O VESTIDO
Conto baseado no poema CASO DO VESTIDO de Carlos
Drummond de Andrade
No dia da
morte do pai, nossa mãe não economizou esforços para que o seu corpo frio fosse
velado com o melhor. O caixão foi colocado no centro da mesa de jantar sobre uma
toalha branca de renda. O cheiro das camélias adocicava o ar.
Mãe
chegou na sala vestindo seu vestido de festa, o mesmo que usou no casamento de
tia Flora, estava perfumada e com os cabelos bem penteados. Poucas vezes a
tinha visto tão linda. Trazia um sorriso enigmático no rosto.
Com um puxão
violento arrancou do prego aquele vestido de renda amarelado pelo tempo,
consumado, que durante anos ficara pendurado na parede da sala. Coloco-o em uma
bandeja e atiçou fogo.
Enquanto
o vestido queimava diante do corpo do meu pai, nossa mãe servia um café com
broinhas de milho aos poucos parentes e vizinhos.
Enquanto
caminhava para o cemitério que ficava a algumas quadras de nossa casa, abraçada
a minha mãe, eu pensava com tristeza no pai e na história do vestido.
Lembrei-me
do dia que o pai saiu de casa, penso que tinha uns seis anos e minha irmã oito.

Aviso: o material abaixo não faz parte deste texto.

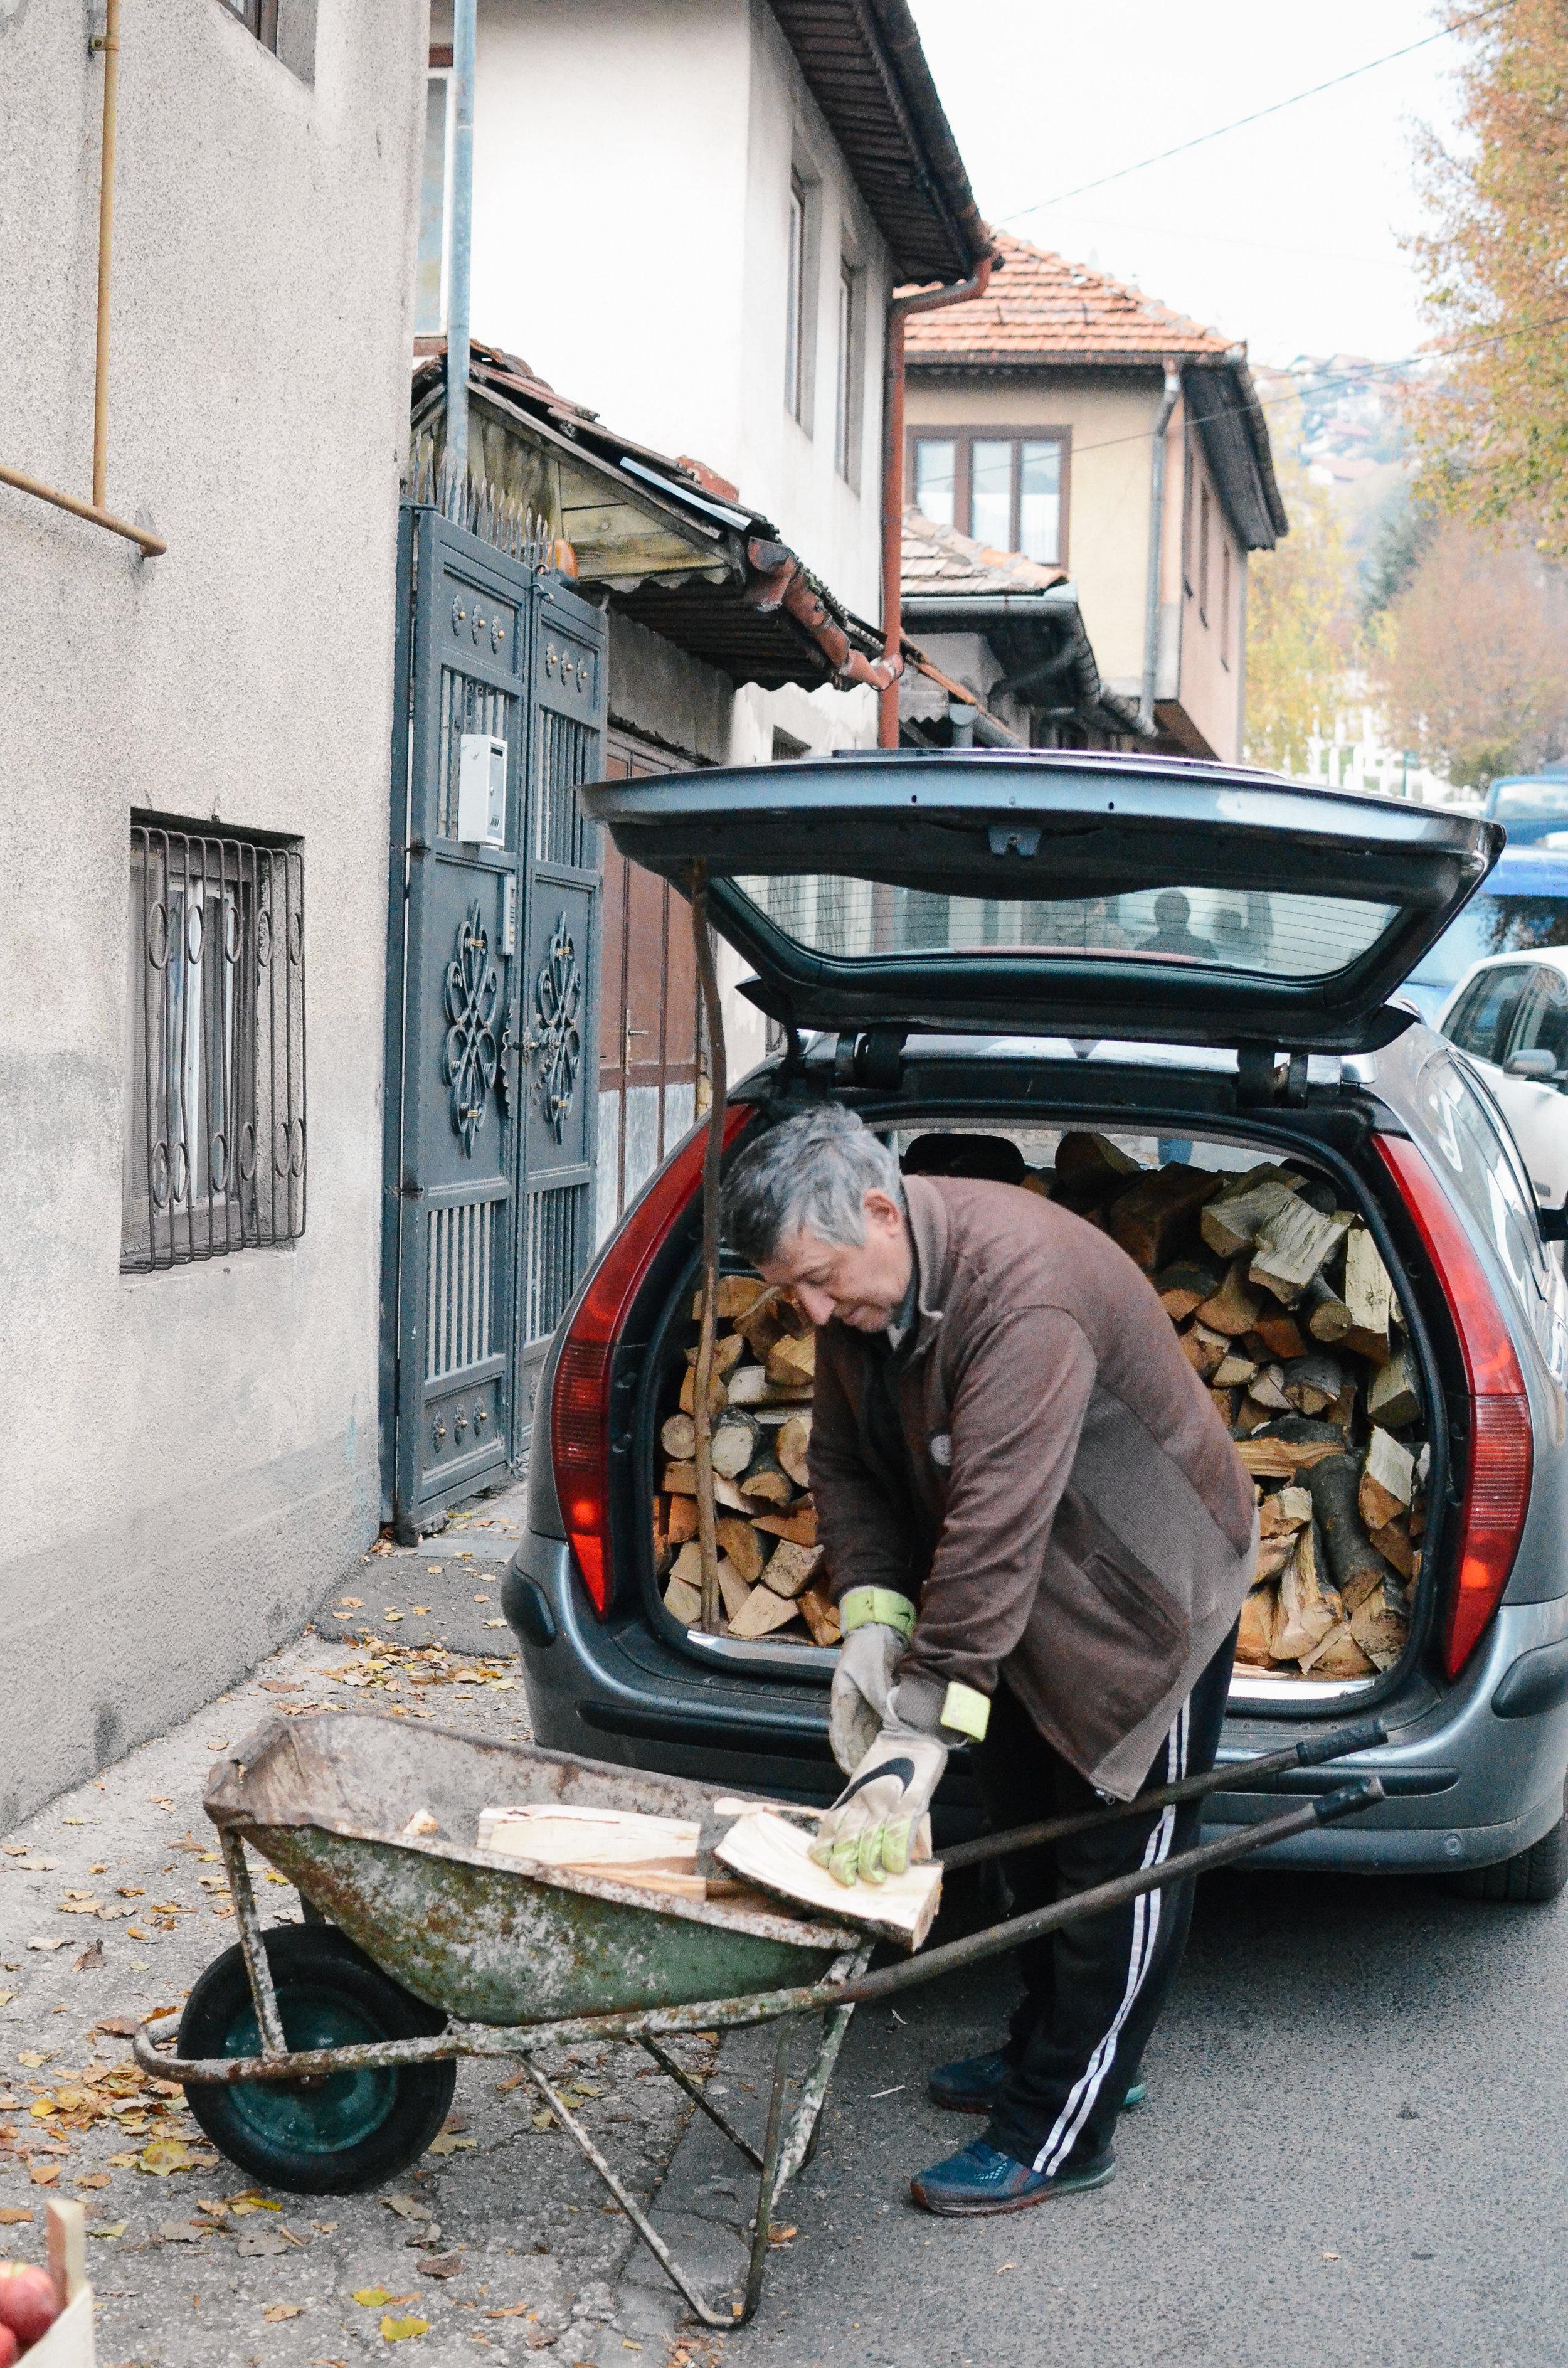 bosnia-travel-sarajevo-guide-lifeonpine_DSC_2934.jpg

Ele era um homem bonito e forte, trajava um belo terno de linho e um chapéu de
palha. Montado no seu cavalo partira para uma grande aventura. Nossa mãe nos
disse que ele logo voltaria com muito dinheiro e que seríamos ricos.
Diariamente
imaginava meu pai conquistando reinos, lutando contra dragões, salvando
princesas prisioneiras em castelos, vencendo os mais violentos inimigos. O pai
era o meu herói. O tempo passava e a mãe não se entregava, costurava, fazia
doce, lavava roupa para fora. A mãe não chorava.
Um dia
nosso pai retornou, eu já não era mais criança, uns dez anos se passaram.
Agora estava
feio, de roupa velha, magro, destruído, perdera os alvos dentes, seus olhos se
apagaram. A grande aventura havia
consumido meu pobre pai.
Deu para
minha mãe aquele vestido de renda que nela não cabia e que por outra fora usado.
Mãe pregou na parede da sala o vestido sem dizer palavra.
Pai então
passou a dormir no celeiro, comia pouco o resto que sobrava, não se ouvia sua
voz. Uma dor o devorava. Minha mãe só remoçava e nos dizia que o pai estava
doente.
— Mãe, de
quem era o tal vestido?
— De uma
bruxa, minha filha, que afastou seu pai de nós por muitos anos. Seu pai
arrancou-lhe o coração e me trouxe o seu vestido.